The article by Nguyen K.Q. [8] demonstrates that Vietnam holds promising wind energy potential, with available land suitable for wind energy development. Despite the environmental, economic, and social benefits associated with wind energy, its exploitation in Vietnam remains limited, primarily due to a lack of strong political will and an effective framework for sustainable development in renewable energy. Therefore, the highest priority lies in establishing renewable energy development goals and implementing necessary measures to achieve them. Two main instruments are proposed: the introduction of feed-in tariffs and the provision of investment incentives.
In the article “Past, Present, and the Unsustainable Future of Hydropower in Vietnam”, written by Gerard Sassges and Alan D. Ziegler [9], the authors clarify the remarkable development of hydropower in recent times. It is noteworthy that Vietnam’s hydropower industry ranks second only to China and Japan in Asia. The development history and operational patterns of 720 hydropower projects in Vietnam are analyzed from both positive and negative environmental perspectives.
In the article by Cuong T.T. et al. [10], studies were conducted on the possibility of producing electricity from rice straw in Vietnam. This represents renewable energy from Vietnam’s largest source of surplus biomass, along with other sources such as sugarcane bagasse, coffee bean shells, agricultural waste, and wood mulch. The study reveals that the current power generation capacity from rice straw is 2565 MW, with 24 out of 63 provinces having a capacity potential exceeding 30 MW. The study also analyzes limitations and obstacles and proposes corrective measures for the development of the domestic biomass energy industry.
Despite theoretical research on existing problems in Vietnam’s energy industry, there is currently insufficient research on an integrated and flexible approach to planning and forecasting the energy transition from coal to solar, wind, biomass, and other environmentally friendly energy sources until 2050, considering the rate of economic growth.

4. Electricity Consumption in Vietnam: Forecasts

4.1. In Accordance with the Plan [11], the GDP Growth Rate for the Period 2023–2025 Is Planned at 6.5–7%

It is predicted that from 2023 to 2050, Vietnam will experience economic growth.
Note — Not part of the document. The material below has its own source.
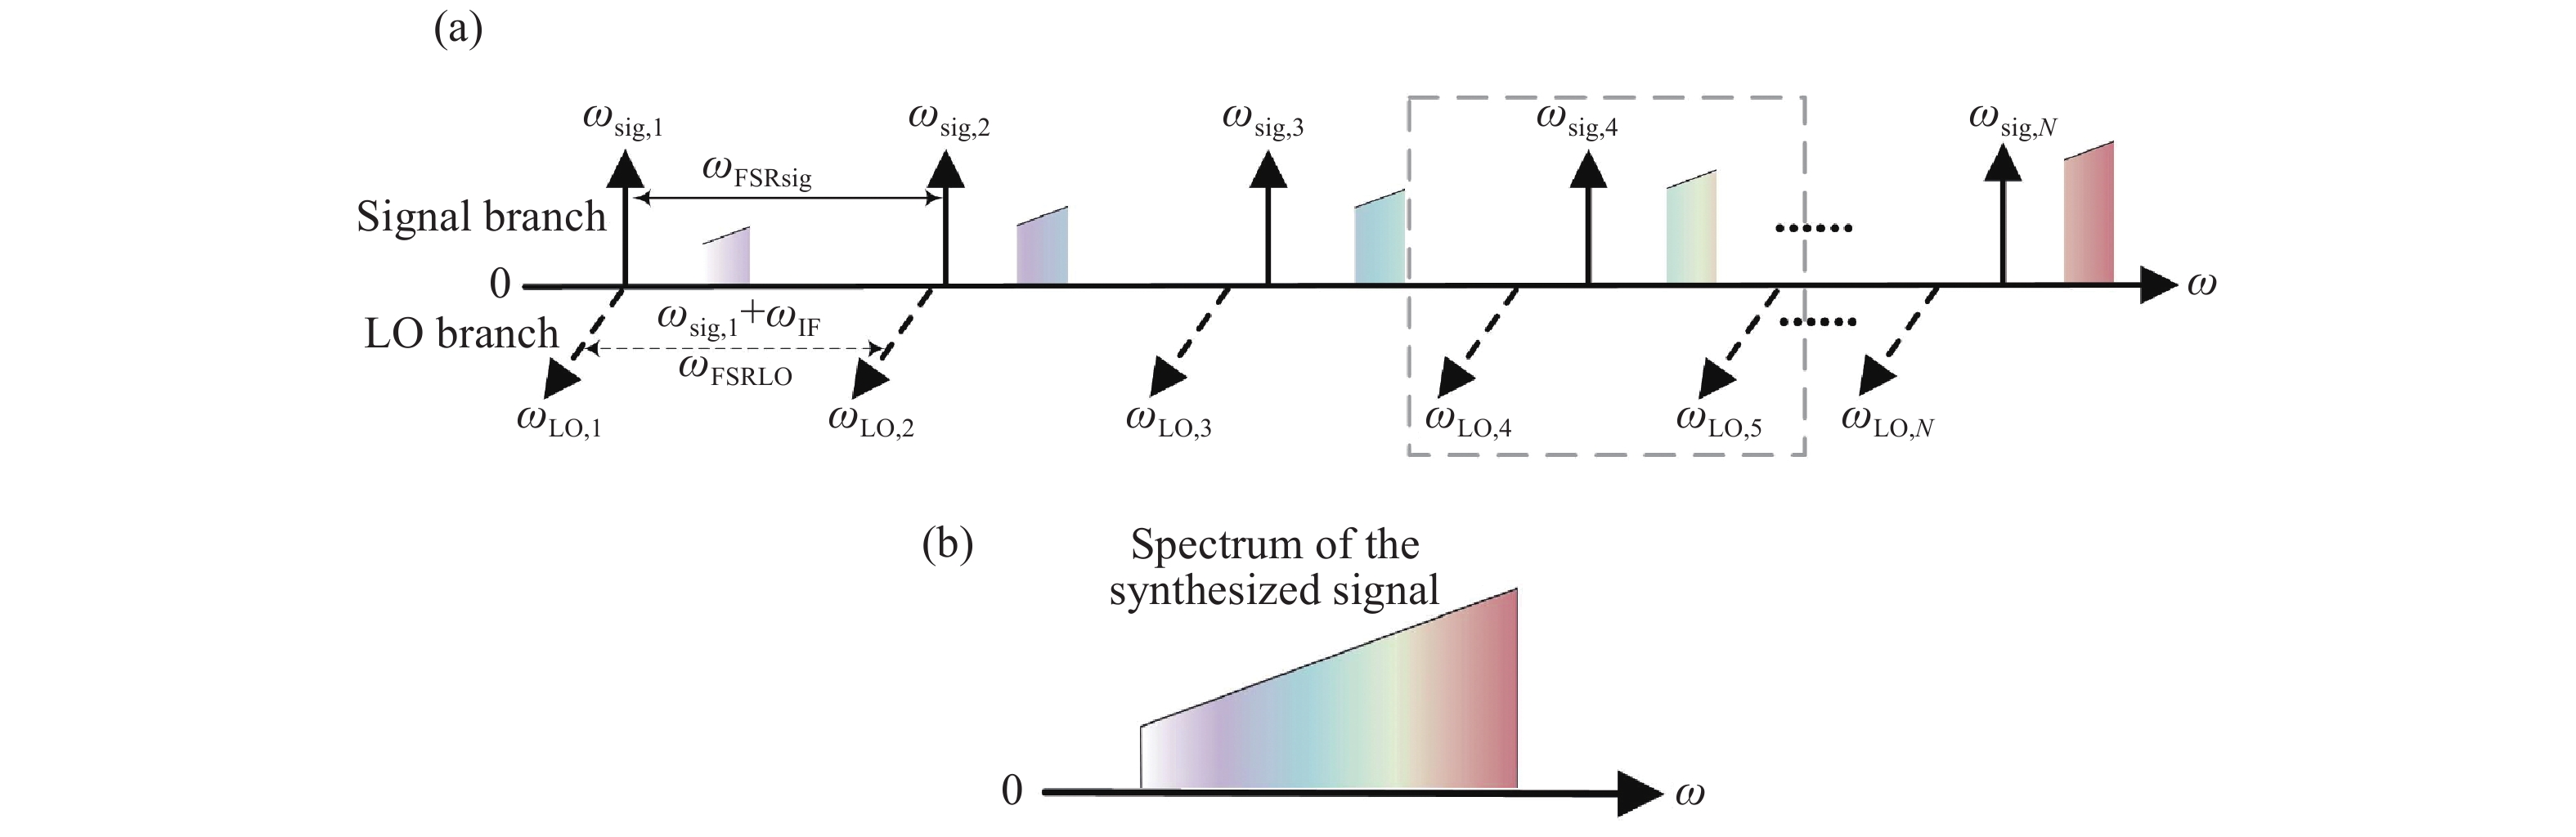 Principle of the channelized synthesis system. (a) Principle of the two branches; (b) Principle of the spectrum stitching of the synthesized signal
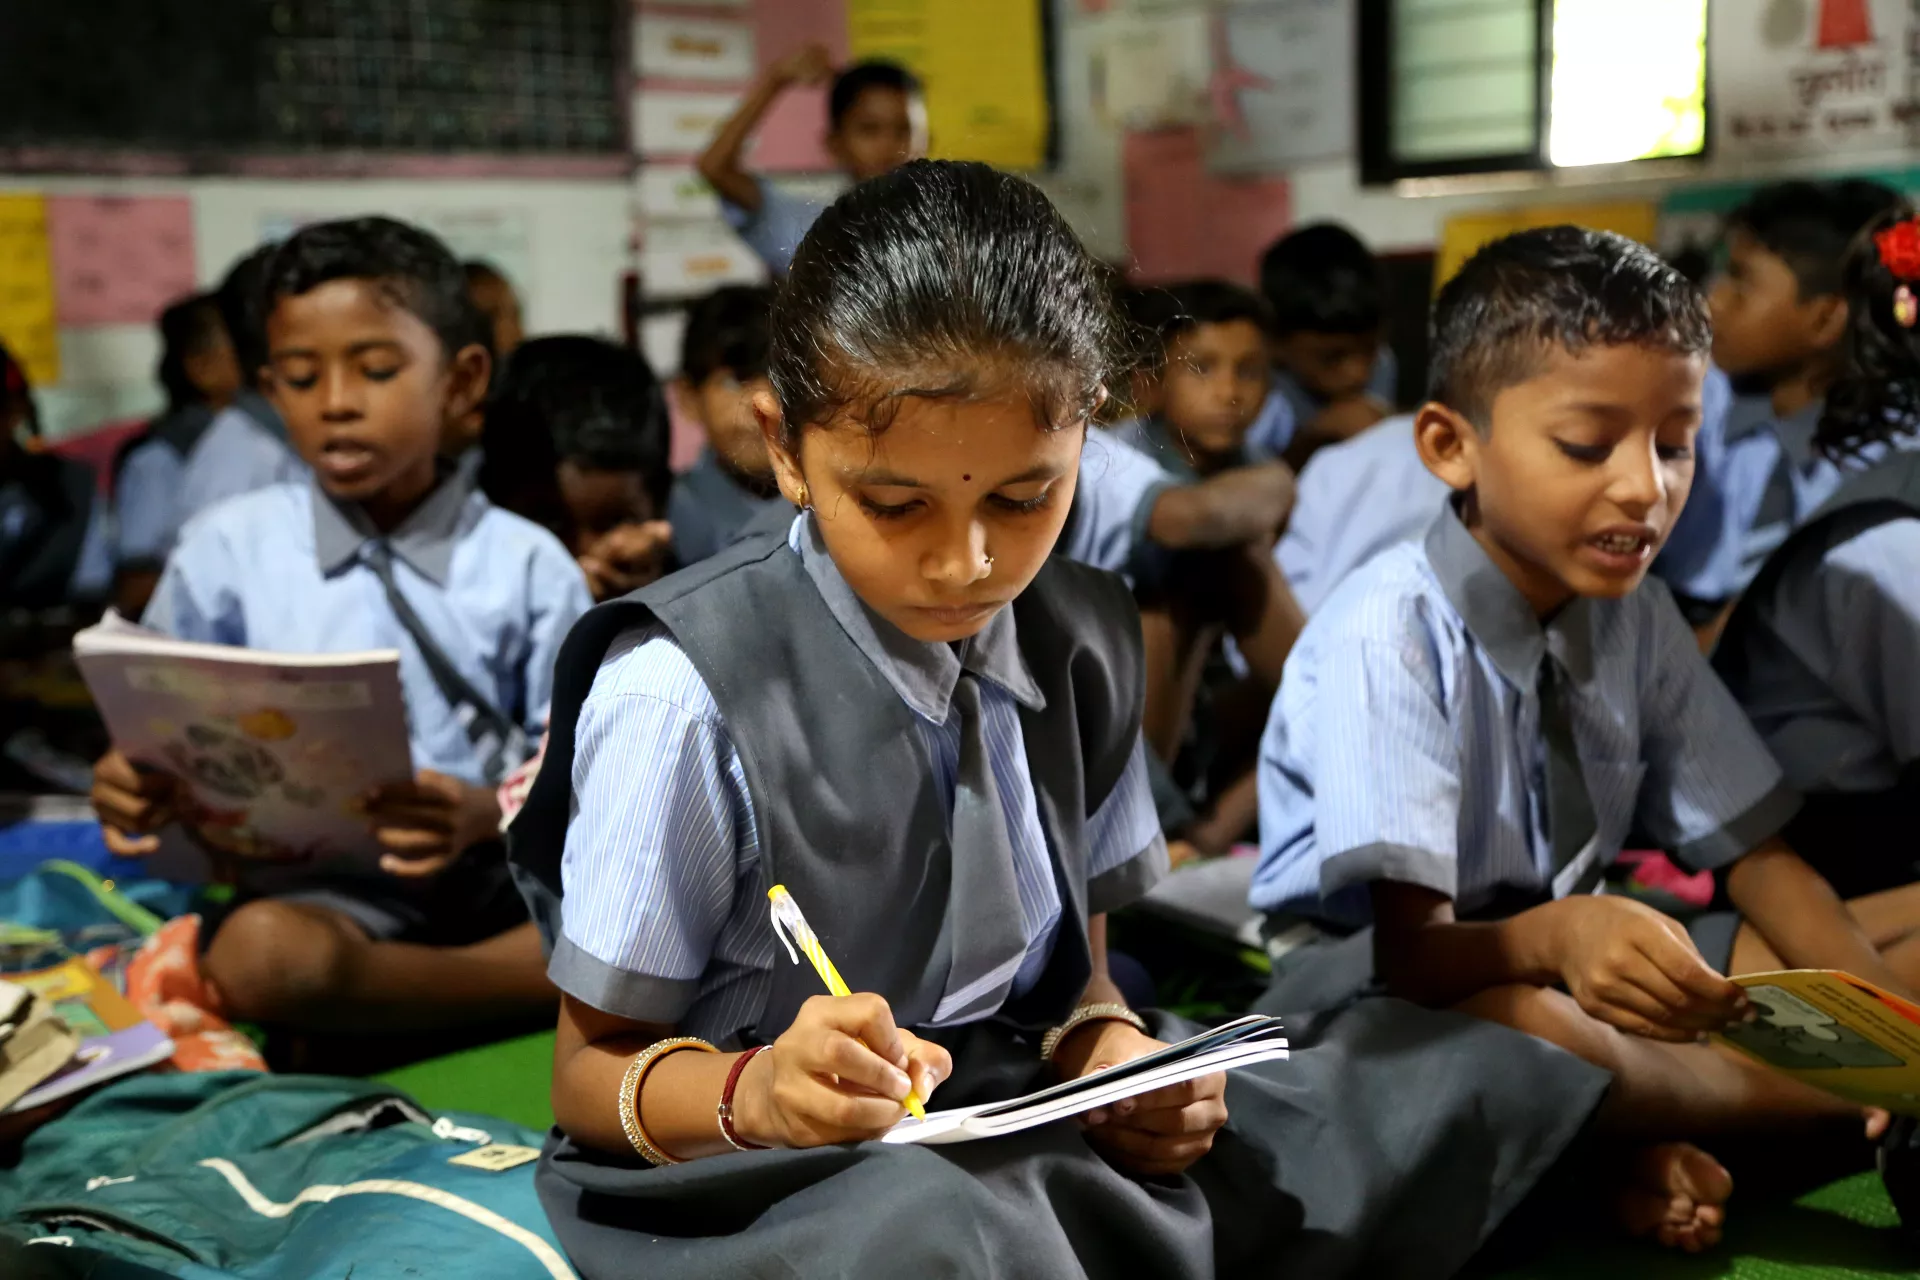 Nine-year-old Avantika,  pictured while writing in her classroom in India.

According to [12], four scenarios can occur:
“Growing well”: growth until 2050 at different rates, including 6.5% in the period 2023–2025, 5.9% in the period 2025–2030, 5.1% in the period 2030–2040, and 3.96% in the period 2040–2050.
“Low growth”: growth until 2050 at a lower rate, including 3.5% in the period 2023–2025, 3% in the period 2025–2030, 2.5% in the period 2030–2040, and 2% in the period 2040–2050;
“Not growing”: no changes in GDP in the period 2023–2050;
“Decrease”: economic decline by 2% in the period 2023–2025, 2.5% in the period 2025–2030, 3% in the period 2030–2040, and 3.5% in the period 2040–2050.
These forecasts are examined based on two main groups of factors [13]:
The first group is economic factors that directly affect the growth process, including capital, labor, natural resources, and technology;
The second group is non-economic factors that indirectly contribute to the process of economic growth, including socio-cultural factors, socio-political institutions, ethnic characteristics, religion, and community participation.
Based on the current state of the factors that were assessed [7], the authors predict that the realization of the “growing well” scenario is the most likely.
Vietnam’s GDP has grown steadily over the years and, with its development advantages, contributed to trade progress in previous years. Taking into account the expected growth rates under the “growing well” scenario, the projected values of Vietnam’s GDP will be 488 USD billion in 2025, 649 USD billion in 2030, and 1575 USD billion in 2050 (Figure 1).
At the end of 2023, Vietnam’s GDP grew by 5.05%, and inflation was at 3.25%, remaining at a low level. Consumer price growth in 2023 is already below the 10-year average inflation rate of 3.8%. The unemployment rate fell, contributing to increased consumer spending. Economic growth in the well-being of the population has led to an increase in demand for household electrical appliances [4].
The actual GDP values are presented in the graph and in the table of indicators. Forecasted GDP values are presented for four scenarios.
Economic development scenarios require manufacturing industries to operate effectively, in which the contribution of the electricity industry is very important. If the demand for electricity is not met, the economy cannot develop, so the electricity industry and economic development are closely linked and interrelated.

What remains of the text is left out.